Reflections on our Responsible Scaling Policy
Last summer we published our first Responsible Scaling Policy (RSP), which focuses on addressing catastrophic safety failures and misuse of frontier models. In adopting this policy, our primary goal is to help turn high-level safety concepts into practical guidelines for fast-moving technical organizations and demonstrate their viability as possible standards. As we operationalize the policy, we expect to learn a great deal and plan to share our findings. This post shares reflections from implementing the policy so far. We are also working on an updated RSP and will share this soon.
We have found having a clearly-articulated policy on catastrophic risks extremely valuable. It has provided a structured framework to clarify our organizational priorities and frame discussions around project timelines, headcount, threat models, and tradeoffs. The process of implementing the policy has also surfaced a range of important questions, projects, and dependencies that might otherwise have taken longer to identify or gone undiscussed.

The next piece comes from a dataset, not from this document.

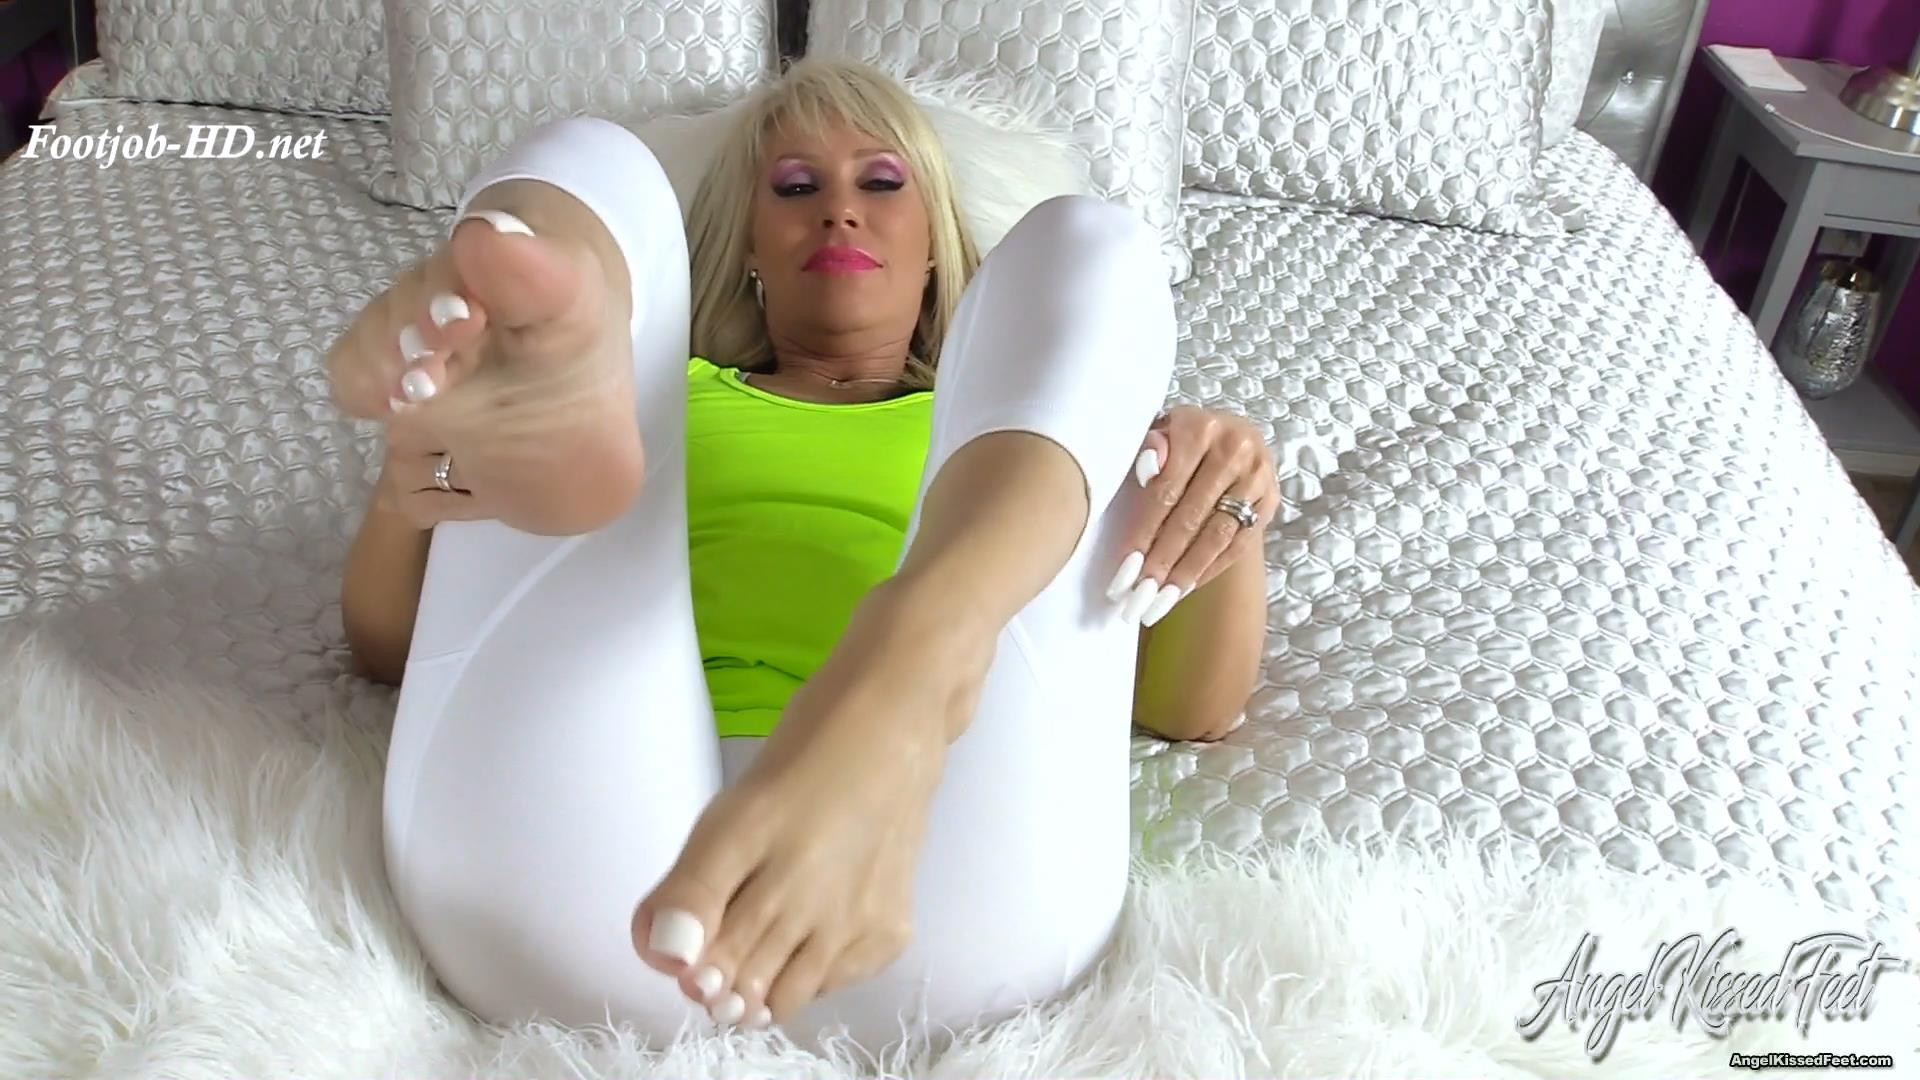 What_If_Your_Mom_Walks_In_-_Erotic_Nikki.jpg
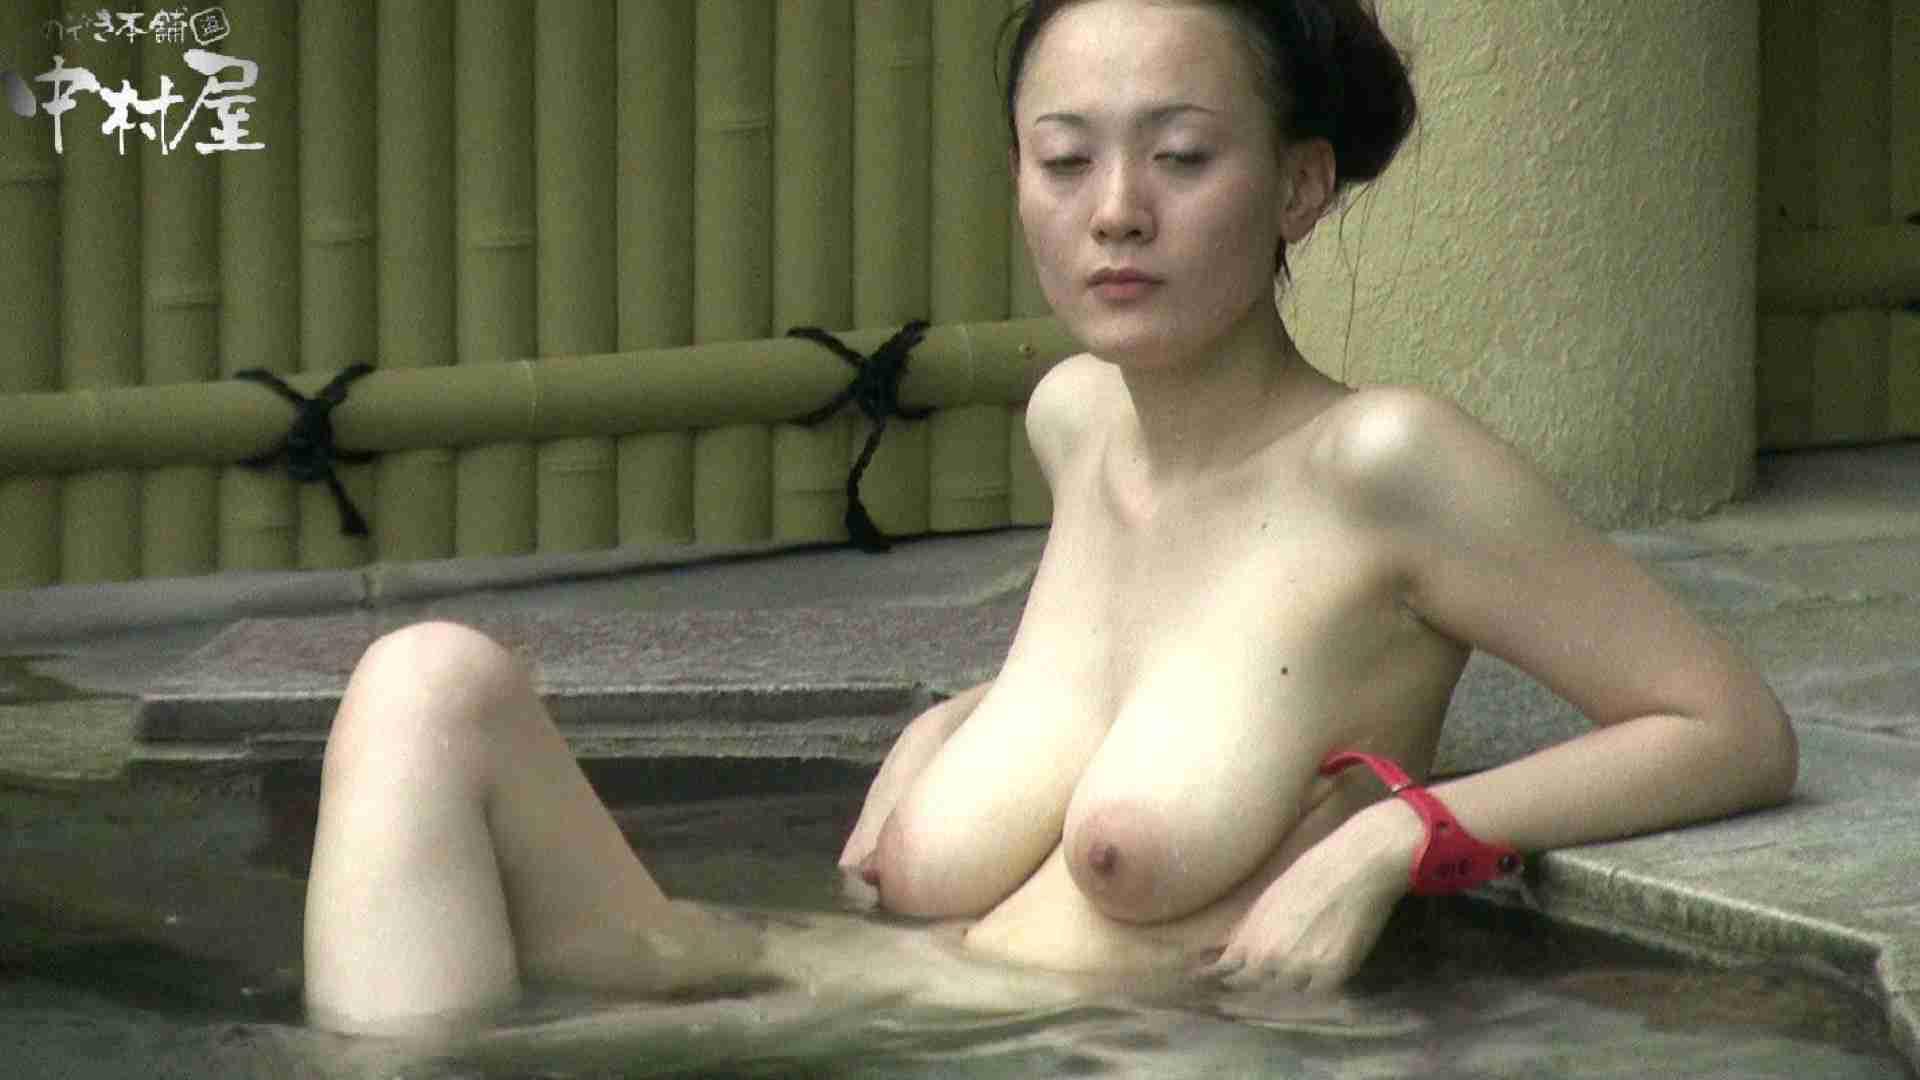 Aquaな露天風呂Vol.903 0  41連発 30

Balancing the desire for strong commitments with the reality that we are still seeking the right answers is challenging. In some cases, the original policy is ambiguous and needs clarification. In cases where there are open research questions or uncertainties, setting overly-specific requirements is unlikely to stand the test of time. That said, as industry actors face increasing commercial pressures we hope to move from voluntary commitments to established best practices and then well-crafted regulations.
As we continue to iterate on and improve the original policy, we are actively exploring ways to incorporate practices from existing risk management and operational safety domains. While none of these domains alone will be perfectly analogous, we expect to find valuable insights from nuclear security, biosecurity, systems safety, autonomous vehicles, aerospace, and cybersecurity. We are building an interdisciplinary team to help us integrate the most relevant and valuable practices from each.
Our current framework for doing so is summarized below, as a set of five high-level commitments.
- Establishing Red Line Capabilities. We commit to identifying and publishing "Red Line Capabilities" which might emerge in future generations of models and would present too much risk if stored or deployed under our current safety and security practices (referred to as the ASL-2 Standard).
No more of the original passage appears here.